29. Of the amendments made to the description, the respondents objected only to the amendment made on page 13 where lines 5 to 6, which in the granted version read: "From the following results of experiments (1) to (5), the G-CSF of the present invention was found to have been purified to apparent homogeneity:...", have been changed to read "From the following results of experiments (1) to (5), the G-CSF of the present invention was found to have been substantially purified:...". In their view, the said amendment changes the interpretation to be given to product claim 1 and renders a distinction over the known pluripoietin impossible.

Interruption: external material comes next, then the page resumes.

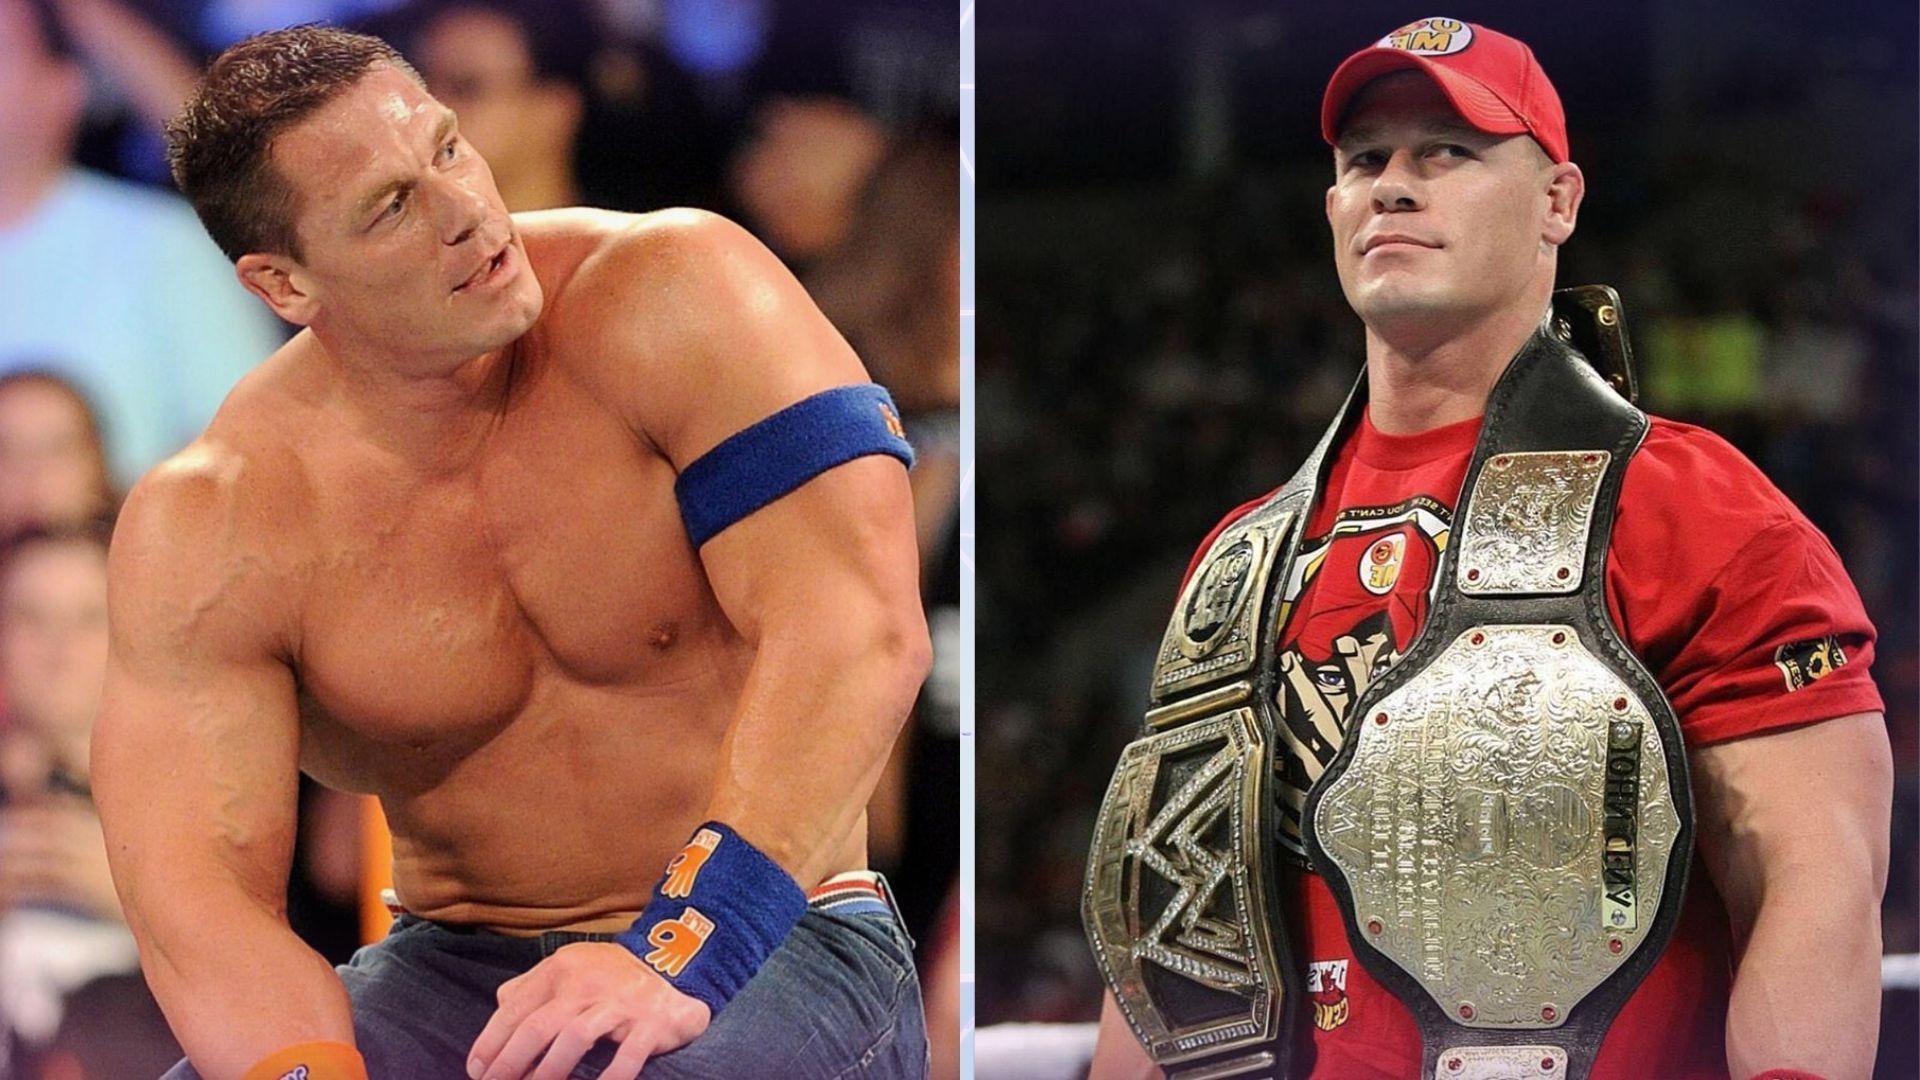 John Cena completed 20 years with WWE!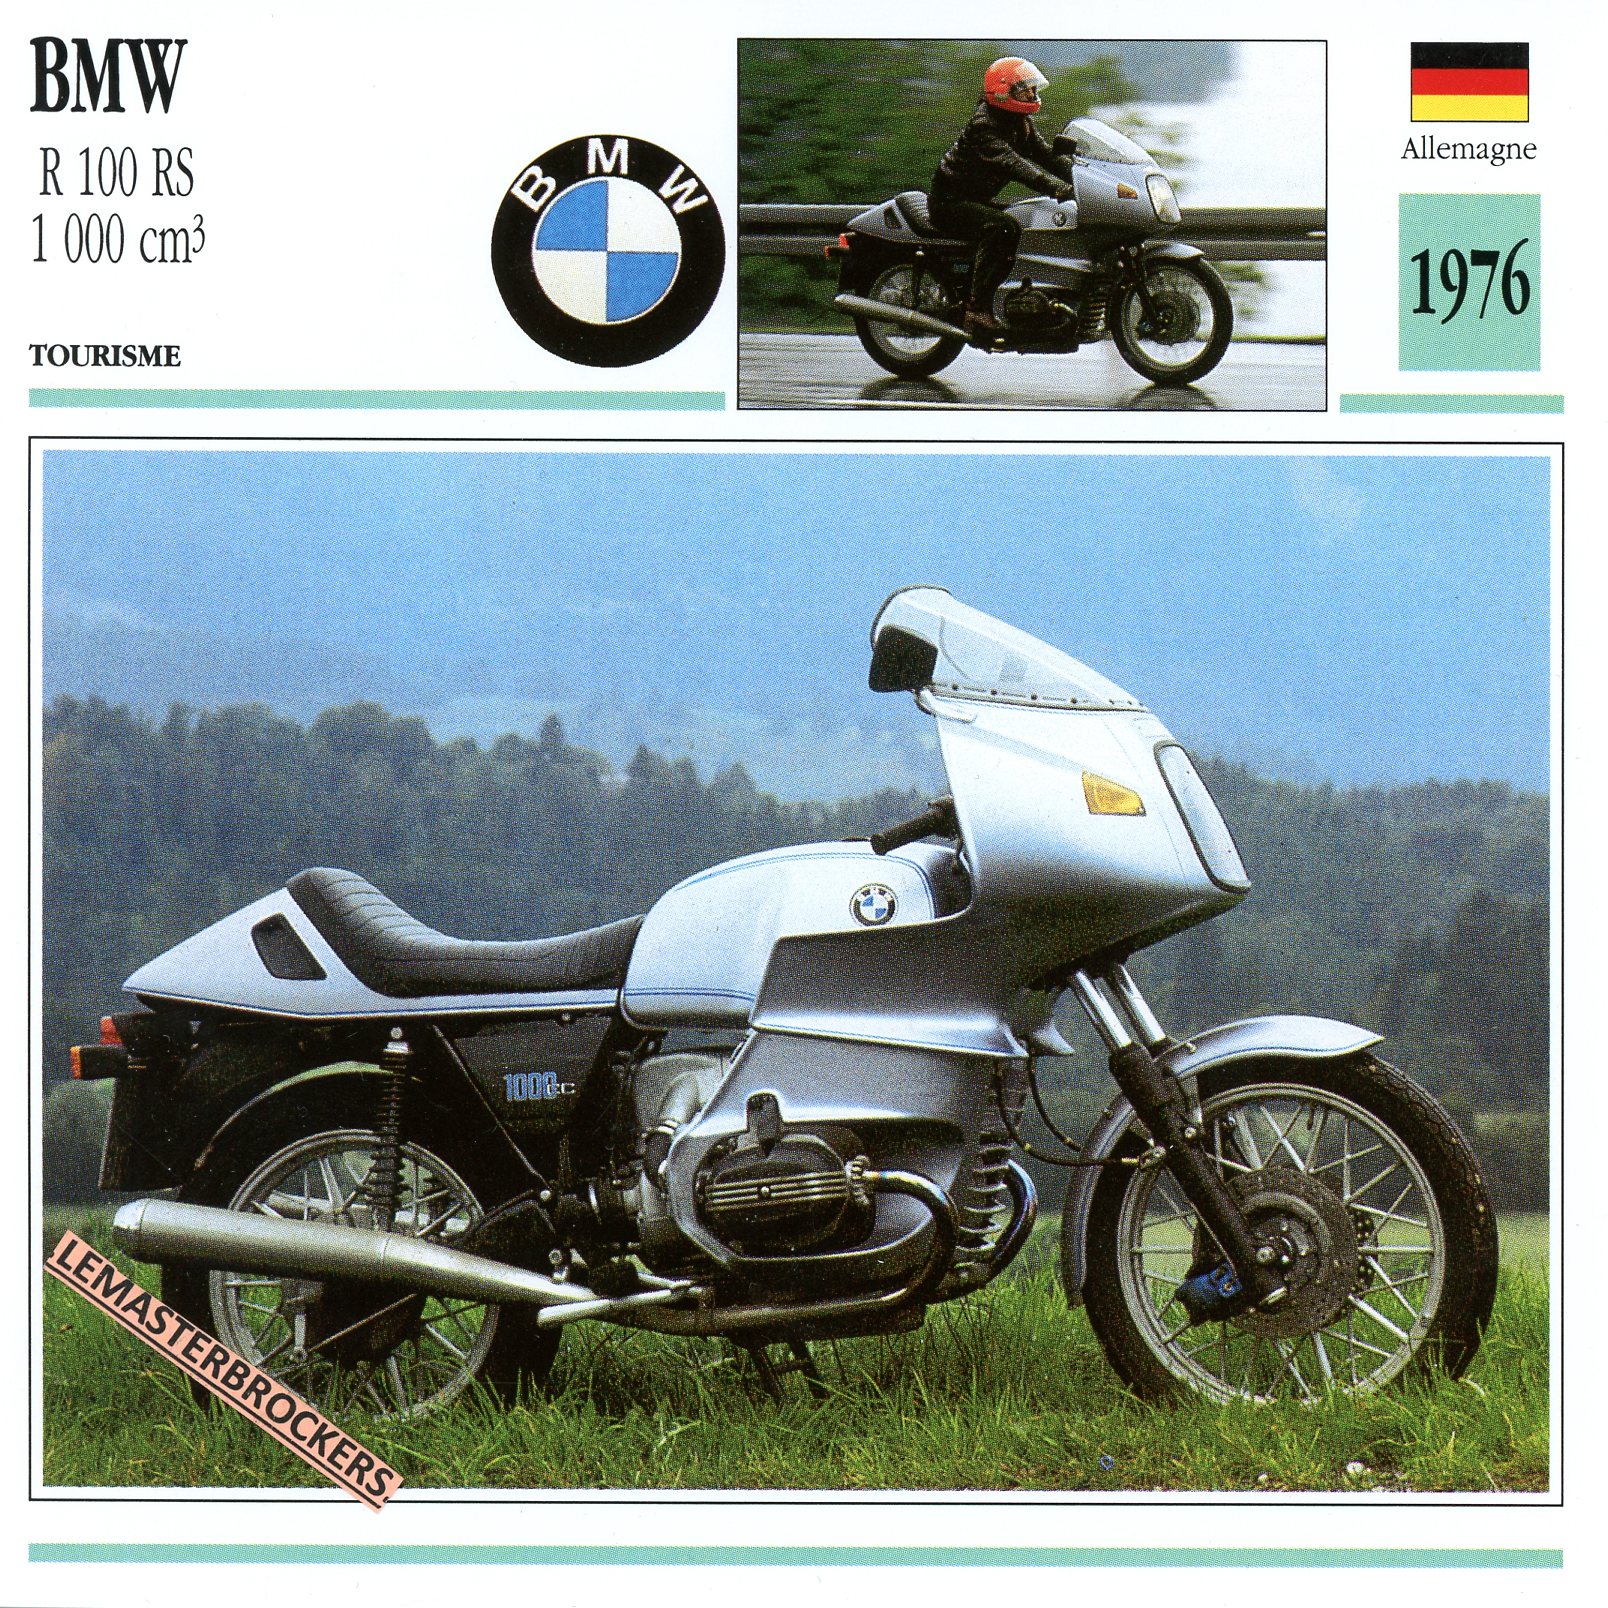 FICHE-MOTO-BMW-R-R100RS-1976-LEMASTERBROCKERS-CARD-MOTORCYCLE

30. The board finds no basis for such an objection because the paragraph on page 13, lines 5 to 14 makes merely reference to results of experiments (1) to (5) demonstrating the substantial purity of the hG-CSF of the patent in suit which, as stated above under "Novelty", has been found to be distinctly different from the known pluripoietin. Whether in the description the said product is referred to by the label "substantially purified" (this was the wording used in the application as filed) or as "purified to apparent homogeneity" makes no difference to what will be understood by the reader. In these circumstances the wording as originally filed is to be preferred."

ORDER

For these reasons it is decided that:

1. The decision under appeal is set aside.

2. The case is remitted to the first instance with the order to maintain the patent on the basis of the claims submitted at the oral proceedings on 4 August 1999, with a description having pages 3, 4, 5, 12 and 13 as filed on 4 August 1999, page 6 as filed on 11 February 1993, page 7 as filed on 29 January 1990 and pages 8 to 11 as granted, and the drawings as granted.